Так что ответ на вопрос, заданный студентами из Калифорнийского университета: «О чем думал житель острова Пасхи, рубивший последнюю пальму?», частично кроется в понятии ландшафтной амнезии. Едва ли перемены наступили неожиданно: вот остров еще покрыт зарослями высоких пальм, дающих вино, фрукты и лес для статуй, а вот на следующий год он с единственным уцелевшим деревом и островитянином, одержимым безумным желанием его повалить. Наоборот, кажется естественным, что изменения в лесном покрове острова были малозаметны: да, в этот год срубили несколько деревьев в одном месте, но на другом заброшенном участке начала расти молодая поросль. Лишь старейшие жители острова, помня свое далекое детство, могли бы заметить перемены. Но их дети уже не воспринимали рассказы о некогда высоких лесах, точно так же, как мои семнадцатилетние сыновья не воспринимают наши с женой рассказы о Лос-Анджелесе сорокалетней давности. Леса острова Пасхи редели постепенно, становясь ниже и теряя свою значимость. К тому времени, когда была срублена последняя плодоносящая пальма, деревья этого вида уже давно перестали играть какую-либо существенную экономическую роль. Каждый год новая поросль была все ниже и ниже, ее срубали вместе с другими кустами и деревцами. Никто не запомнил, когда срубили последнюю пальмовую поросль. К тому времени память о ценных пальмовых лесах прошлых столетий уступила ландшафтной амнезии… А вот скорость, с которой обезлесение распространялось по Японии в период правления династии Токугава, оказалась такова, что сегуны заметили изменения в ландшафте и осознали необходимость принятия контрмер.
Третий фактор, влияющий на принятие неверного решения, самый частый, — и наиболее удивительный. Он требует длительного обсуждения, поскольку предстает в очень широком разнообразии форм. Вопреки ожиданиям многих, включая Джозефа Тэйнтера, те или иные сообщества зачастую даже не в состоянии попытаться решить уже обнаруженную ими проблему.
Множество объяснений такой неспособности подпадает под популярный среди экономистов и социологов термин «рациональное поведение». Речь идет о столкновении интересов разных людей. Есть индивиды, которые считают, что могут достичь собственных интересов, только нанося ущерб другим людям. Ученые называют такое поведение «рациональным» именно потому, что оно подразумевает рациональную аргументацию, даже если эта аргументация предосудительна. Злоумышленники вполне осознанно идут на преступления, особенно если не встречают отпора, или если этот отпор незначителен. Они чувствуют себя в безопасности в силу своей эффективной немногочисленности и сильно мотивированы перспективой получить большую, вполне конкретную и немедленную выгоду, а все издержки при этом равномерно распределяются по остальной массе людей.
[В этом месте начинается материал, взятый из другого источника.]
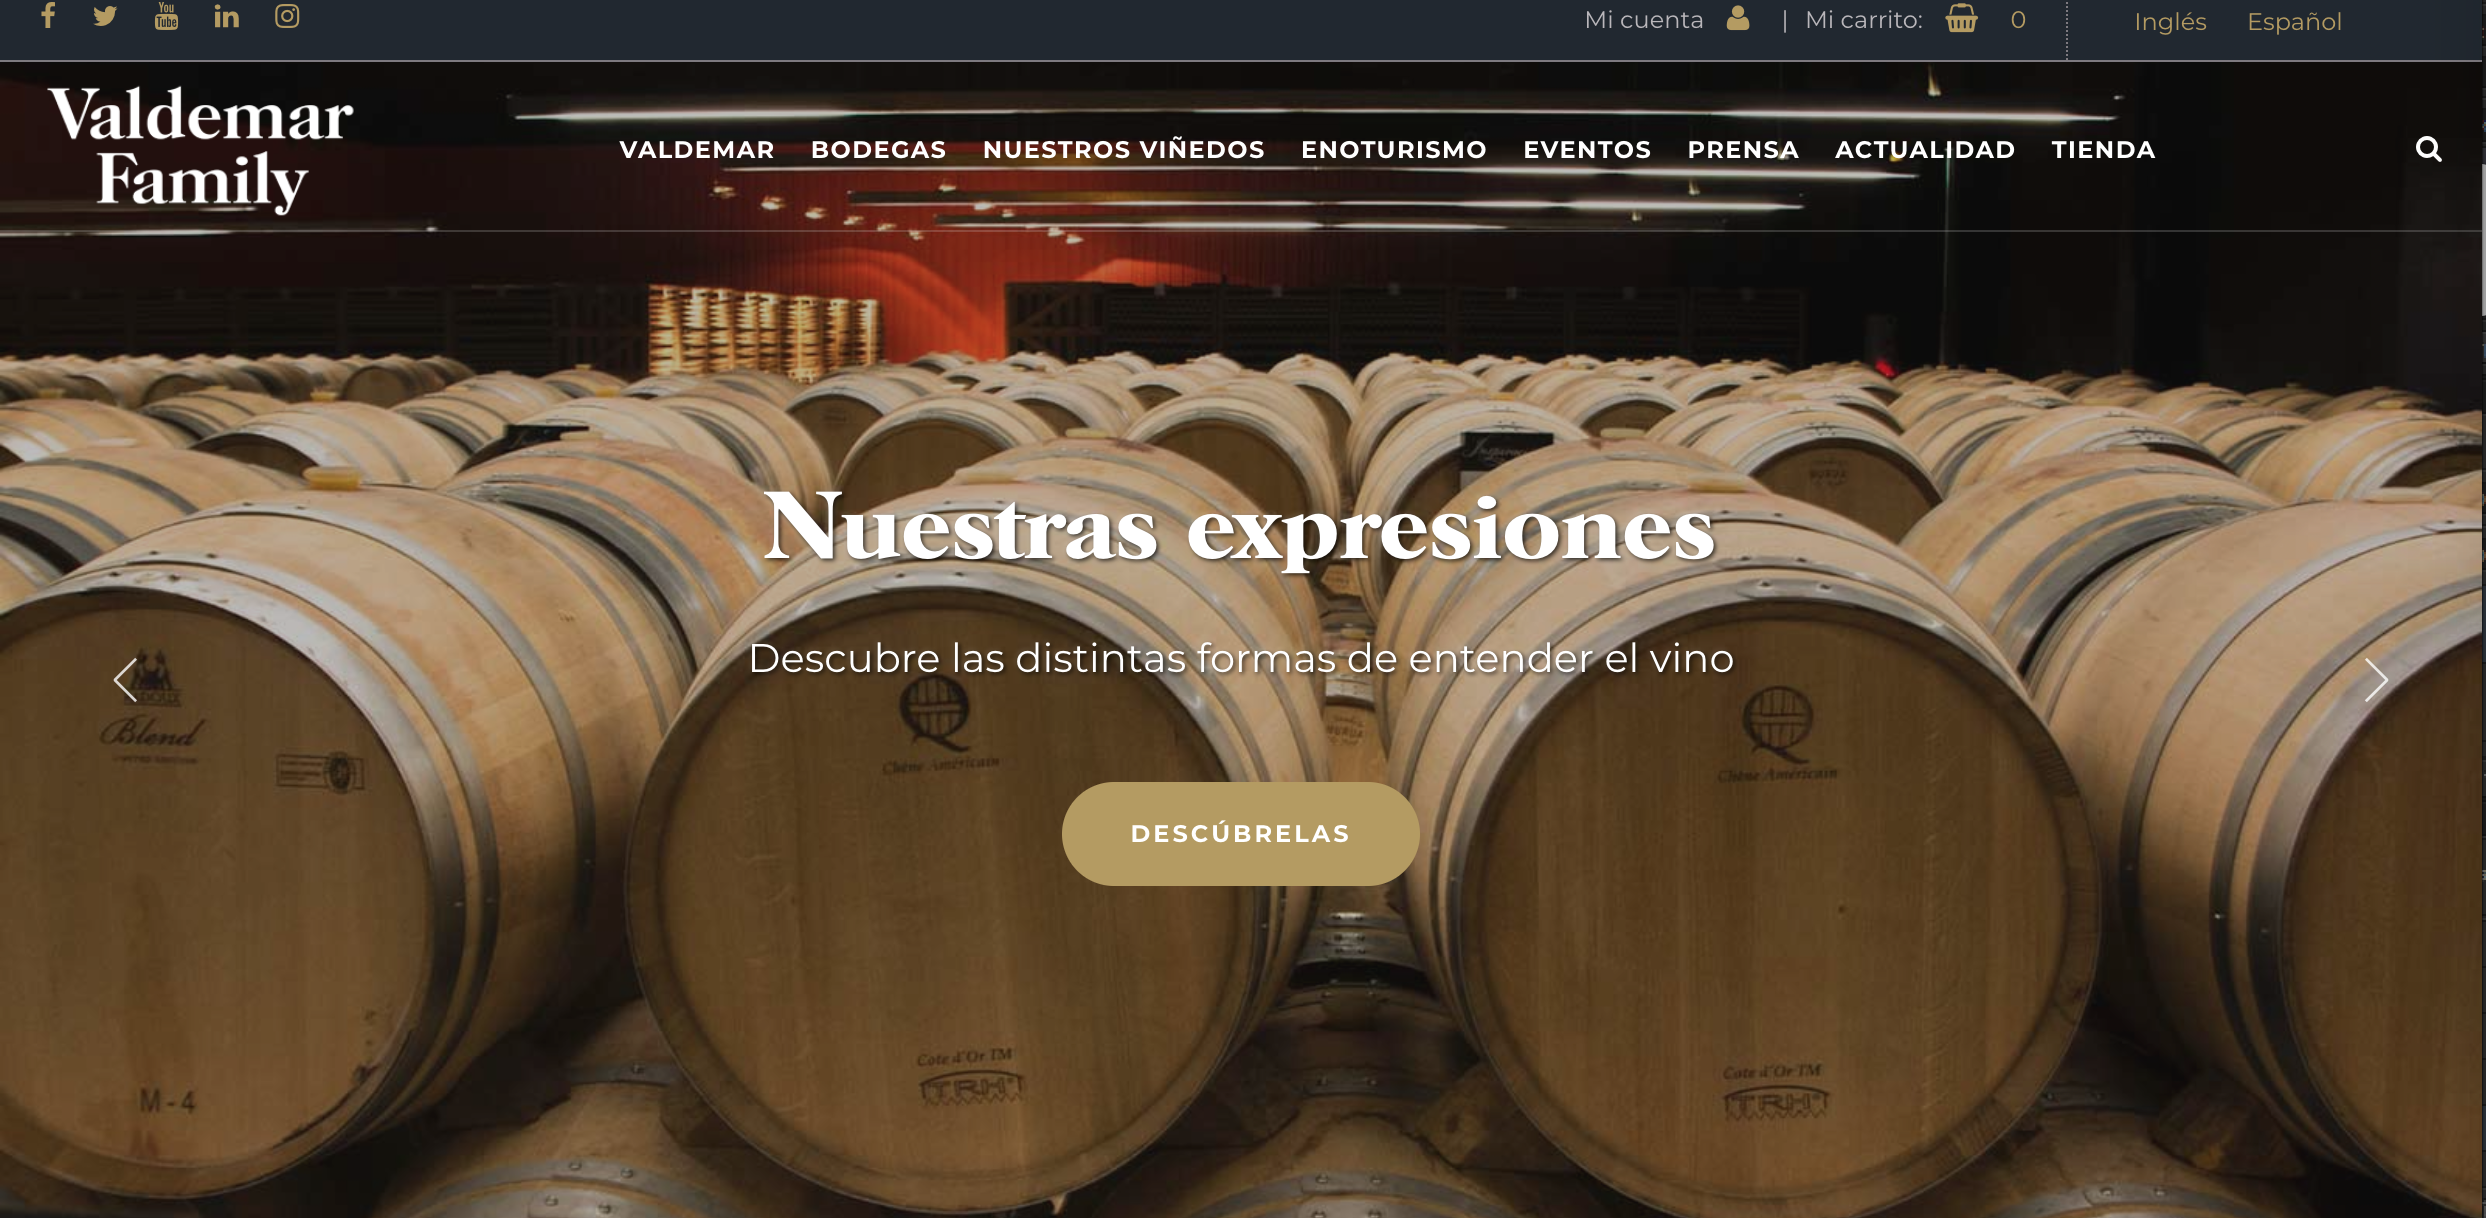 Las distintas formas de entender el vino de Bodegas Valdemar

Люди мало мотивированы на отпор, поскольку каждый из них, ведя себя пассивно, теряет немногое, а в случае успешного противостояния хищничеству меньшинства выгода получается тоже небольшой, неопределенной и отдаленной. Примером здесь служат непомерные субсидии, которые правительство перечисляет в нерентабельные отрасли экономики, такие как рыбный промысел и сахарная промышленность в Соединенных Штатах или выращивание хлопка в Австралии (которое субсидируется не напрямую, а посредством оплаты правительством стоимости воды для орошения). Относительно немногочисленные рыболовы и фермеры упорно лоббируют эти столь выгодные для них субсидии, в то время как остальная масса людей практически не высказывается против, поскольку субсидии складываются из очень малой части тех налогов, которые граждане выплачивают как налогоплательщики. Ситуации, выгодные меньшинству и наносящие ущерб большинству, наиболее вероятны в определенного типа демократиях с прижившейся практикой делегирования власти немногочисленным политическим группам, например сенаторам из маленьких штатов США или мелким религиозным партиям, часто влияющим на баланс власти в Израиле, что едва ли возможно, скажем, в парламентской системе Голландии.
Распространенный тип «рационального» нанесения ущерба природе использует формулу «это хорошо для меня, но плохо для тебя и всех остальных» и эгоистичен по определению. Простой пример. Большинство рыбаков Монтаны промышляют ловом форели. Те немногие, которые предпочитают ловить щуку — более крупную, чем форель, и хищную, но малораспространенную на западе штата, — тайком незаконно выпускали ее в водоемы на западе Монтаны, где она поедала форель, в результате чего промысел этой рыбы падал. Для немногочисленных рыбаков, ловивших щуку, такой поворот событий был на руку, но вредил гораздо большему числу рыболовов, промышлявших ловом форели.